In September’s blog post, we feature an interview with Dr. Tian Hong, Assistant Professor of Biochemistry & Cellular and Molecular Biology, University of Tennessee, Knoxville.
When did you first become interested in mathematics and biology?
I may not have a good answer for how my interest in “mathematics and biology” started, so I’ll give one for “mathematical biology”. I was first intrigued by the equations that I saw in my bioinformatics course at my undergraduate institution. They were rarely found in biology courses, and I thought they were cool. That was my initial interest in using quantitative approaches to understand biology. To be honest, I hardly knew anything about mathematical biology before joining a Ph.D. program, but I feel fortunate that I started my formal graduate training with a mathematical biologist.
Was the decision to do a Ph.D. an obvious and easy choice? And how did you come to run your own group?
Yes, it was a very easy decision for me to do a Ph.D. I knew that I liked problem solving, making discoveries and intellectual freedom. It took me a few years to decide on the area of my Ph.D. study though. I never regretted my careful decision of joining a mathematical/computational biology program, and I had wonderful experiences at the Genetics, Bioinformatics and Computational Biology program of Virginia Tech.
I did my postdoctoral training at the Center for Complex Biological Systems at University of California, Irvine, which offers many interdisciplinary research opportunities. I realized that there are so many interesting problems to solve in systems/mathematical biology. During my postdoc, I decided to look for faculty positions with which I could explore those questions and train younger scientists independently. I was offered a position at The University of Tennessee, Knoxville, and I started my group here in 2017. I am very grateful that I have been working with supportive mentors and collaborators in all three institutions.
What are your main research questions and why are they interesting?
My group is interested in how cells make decisions with their complex molecular interaction networks. Under this theme there are many questions that I’m working on. For example, how do some cells decide on their fate in a stepwise fashion during development? How do cells maintain and change their shapes and polarity? How is accurate tissue patterning achieved through cell fate decisions? How does differentiation generate multiple types of cells with desired proportions? While answering these questions requires many different mathematical and experimental tools, we are primarily focused on addressing them from the viewpoint of gene regulatory networks. To achieve the goals, we try to combine dynamical systems theories, simulations, and analysis of multiple types of experimental data.
It’s cool to think about how cells use chemical reactions to perform computations and make decisions. Dynamics of networks in biology is a fascinating topic because they can be both very complex and very simple. They are complex because of their large sizes as well as the variety of interaction modes. Yet, simple biological networks can achieve non-intuitive dynamics and perform crucial cellular functions.

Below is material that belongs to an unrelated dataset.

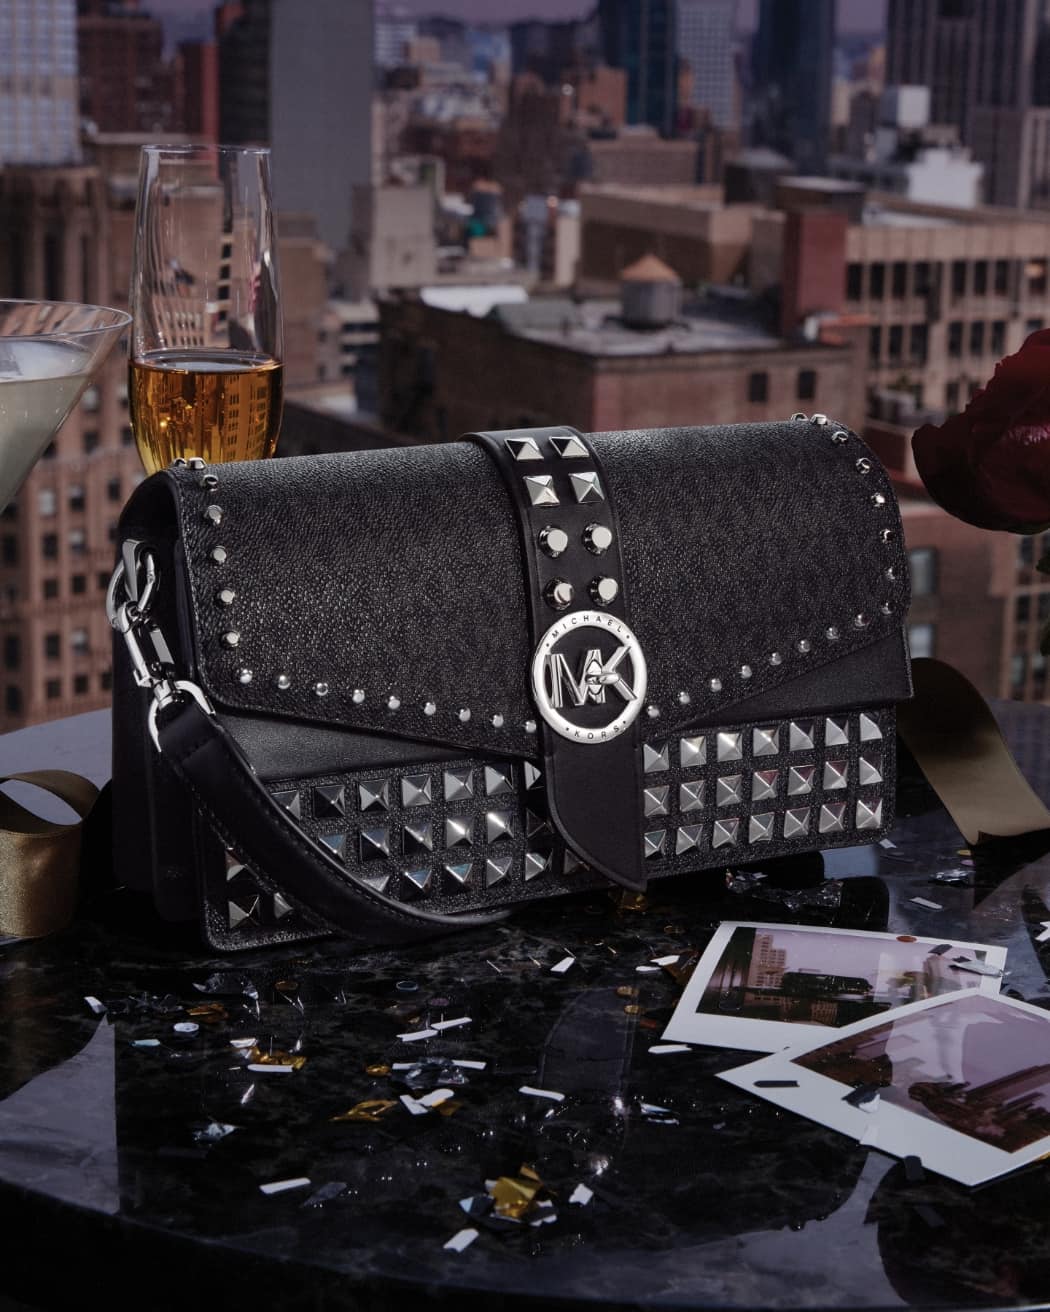 Michael Kors: Winter Sale featuring 25% off sitewide with up to 60% off sale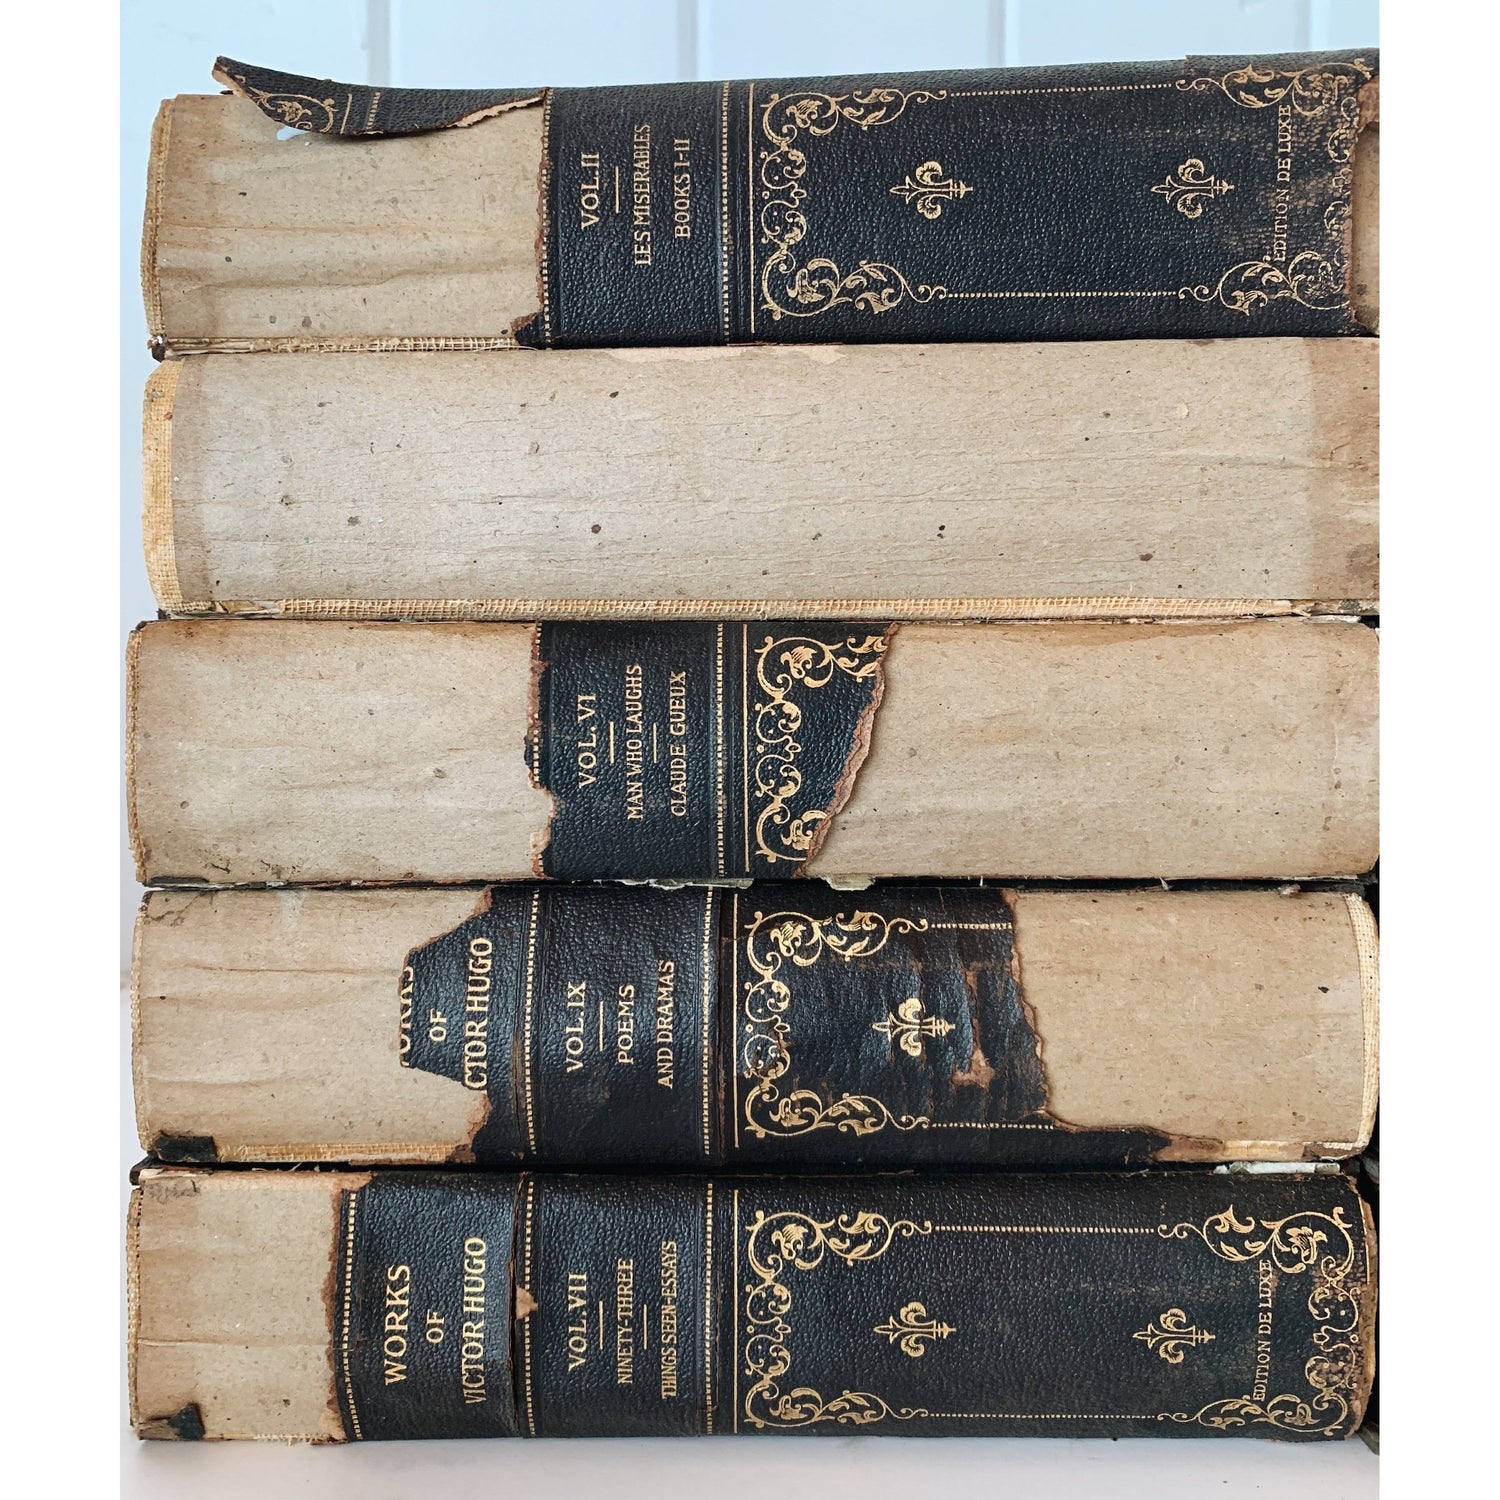 The Works of Victor Hugo, The Chesterfield Society, Edition D Luxe, Black and Beige Shabby Distressed Book Set, French Country

Finding patterns in complex systems in our cells is very satisfying, and it always amazes me how evolution has come up with neat solutions to challenging problems.
What makes you passionate about your work?
Interesting problems to solve and amazing people to work with. Interdisciplinary collaboration is at the heart of mathematical biology, and I think that’s what makes my job exciting and fun. Working in the field, I get to work with many colleagues who have very different skills and styles for research. Communicating science with people from different disciplines is a challenge and a treat, and it’s a great joy to come up with new ideas by crossing disciplines.
Do you have any advice for someone considering a career in mathematical biology?
Working in math bio means that you will need some knowledge in a wide range of subdisciplines of mathematics and biology. Don’t be intimidated by skills or research areas that you are unfamiliar with. Keep your curiosity about everything alive, solve one small problem at a time, and let the scientific questions lead you to different areas. It will be a long and fun journey.
Math bio has become an attractive field for people with mathematical background, which is fantastic, but I also hope to see more young biologists considering a career in mathematical biology.
What do you like to do in your spare time outside of work?
The two young kids keep me busy these days when I’m not working. I like walking with family, and we enjoy our occasional visits to the nearby Great Smoky Mountains, especially for the fall foliage. I always wanted to see the synchronized fireflies at the Mountains, partially for the love of mathematical biology, but I haven’t gotten a chance to do it yet.